The Post‘s Jonathan Kay accuses CBC online columnist Heather Mallick of “dissect[ing] the appearance of Sarah Palin with the sort of predatory salaciousness that would make a frat boy blush.” And he wonders what sort of reception Neil Macdoland would receive at the John McCain White House, which would know “his network ran a column claiming the country’s second-in-command looked like a woman paid to have sex on camera.” Kay suggests “the next government will take care of” the CBC’s shortcomings if the Mother Corp. doesn’t do it itself.

Conservatives “are winning the public-relations battle hands-down,” Jeffrey Simpson argues in The Globe and Mail. It’s just unfortunate that they’re doing it with a series of “tactile, visible, understandable, simple and targeted” moves like the GST cut, tax credits for transit passes and sports equipment, the $1,200-per-child cheque, shaving two cents off the diesel excise tax and other tweaks that pale in effectiveness against what broad-based income tax cuts would do.

Thomas Walkom, the only Canadian economist we’re aware of to have supported the GST cut, says it’s no mystery why the Canadian election campaign is duller than the American one. While John McCain and Barack Obama fall over each other to assume the mantle of “change,” Harper and Dion “are working overtime to assure Canadians that … really, they are no different from anyone else” and that they won’t “fundamentally rock the boat” policy-wise. Even Dion’s purportedly revolutionary Green Shift is “designed to literally conserve the environmental status quo,” Walkom argues, and “it’s being sold [as] costless for all.”

Just a week after speculating Palin could represent “a big step backward for women,” the Gazette‘s Janet Bagnall bemoans the fact that women have a whole lot more going for them in American politics than they do in Canada. “The one woman who leads a party in Canada has been shut out of the leadership debates, including by Jack Layton, a man who wants women to think he’s working for them,” she writes. And “the governing party is fielding a slate with—so far—fewer than one in five female candidates,” having reasoned, she suspects, that they “need the support of their social-conservative base” (none of whom, apparently, are women) more than they need the female vote.

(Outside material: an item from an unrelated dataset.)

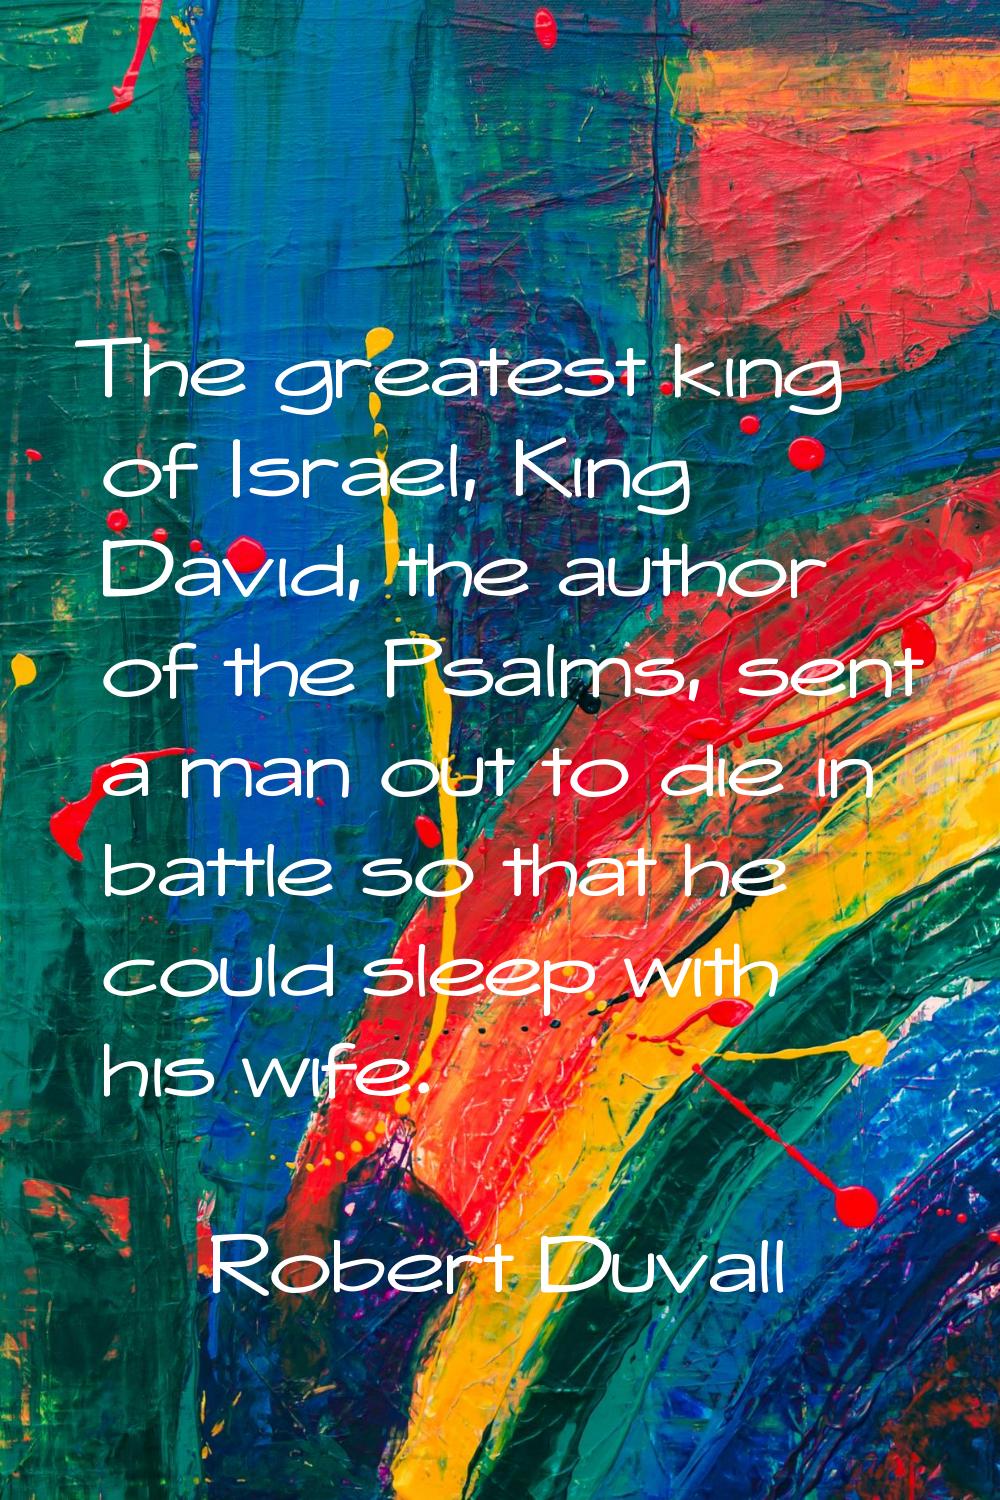 The greatest king of Israel, King David, the author of the Psalms, sent a man out to die in battle 
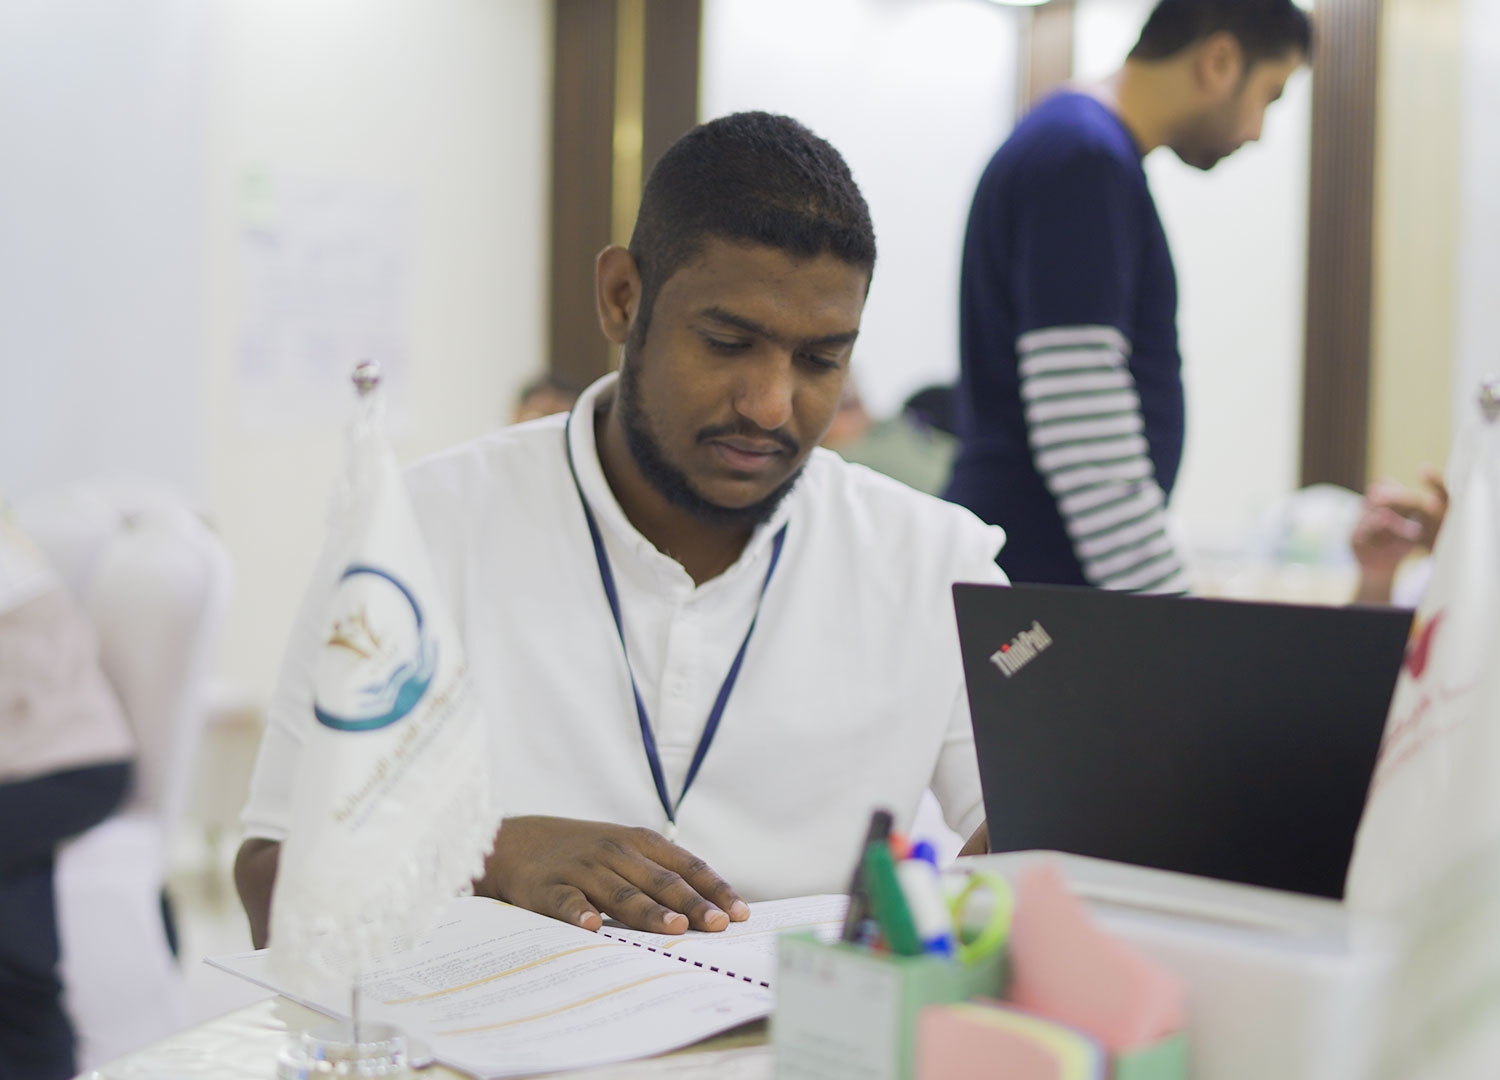 ، From Food Sector Officer to Project Officer What has been the impact of training on Ahmed’s professional growth?

The Star‘s Chantal Hébert says May has a far better case for inclusion in the debates than either Preston Manning or Gilles Duceppe had in 1993, in that they weren’t (and aren’t, in Duceppe’s case) leaders of national parties. The parties had won seats, it’s true, but Hébert is sure Radio-Canada and TVA wouldn’t “have courted the ire of Quebecers by excluding Bouchard from the French-language debate” even had they not. Given the tenor of online outrage over their decision, she suspects the TV consortium may have miscalculated the potential backlash. And she says the whole affair “goes a long way to illustrate why electoral change has so little momentum among the country’s political elite. In a proportional system, … the Greens would already be a parliamentary force.”

Non-election issue of the day: Afghanistan
The Globe‘s Christie Blatchford speaks to Cpl. Ryan Elrick about Sgt. Prescott Shipway, who was killed this week in Afghanistan more than two years after he helped save Elrick’s life when a Canadian convoy hit an IED. “It is an odd feeling, [Elrick] says, knowing that ‘he helped save me, the victim of an IED,’ and was himself the victim of another.”

David Warren, writing in the Citizen, is “aghast to be unable to find, anywhere in the mainstream Canadian media, mention of our soldiers’ part” in successfully transporting a massive hydroelectric turbine across Helmand province. No, please, allow us. “Secret mission gets turbine through Taliban territory” (Vancouver Sun); “Britain, allies deliver turbine through Taliban stronghold” (Edmonton Journal); “NATO completes transport of massive turbine” (Globe and Mail); “Attack fails; turbine delivered; Troops fend off insurgents to provide Afghan region with needed power source” (Ottawa Citizen). That took us, like, two minutes.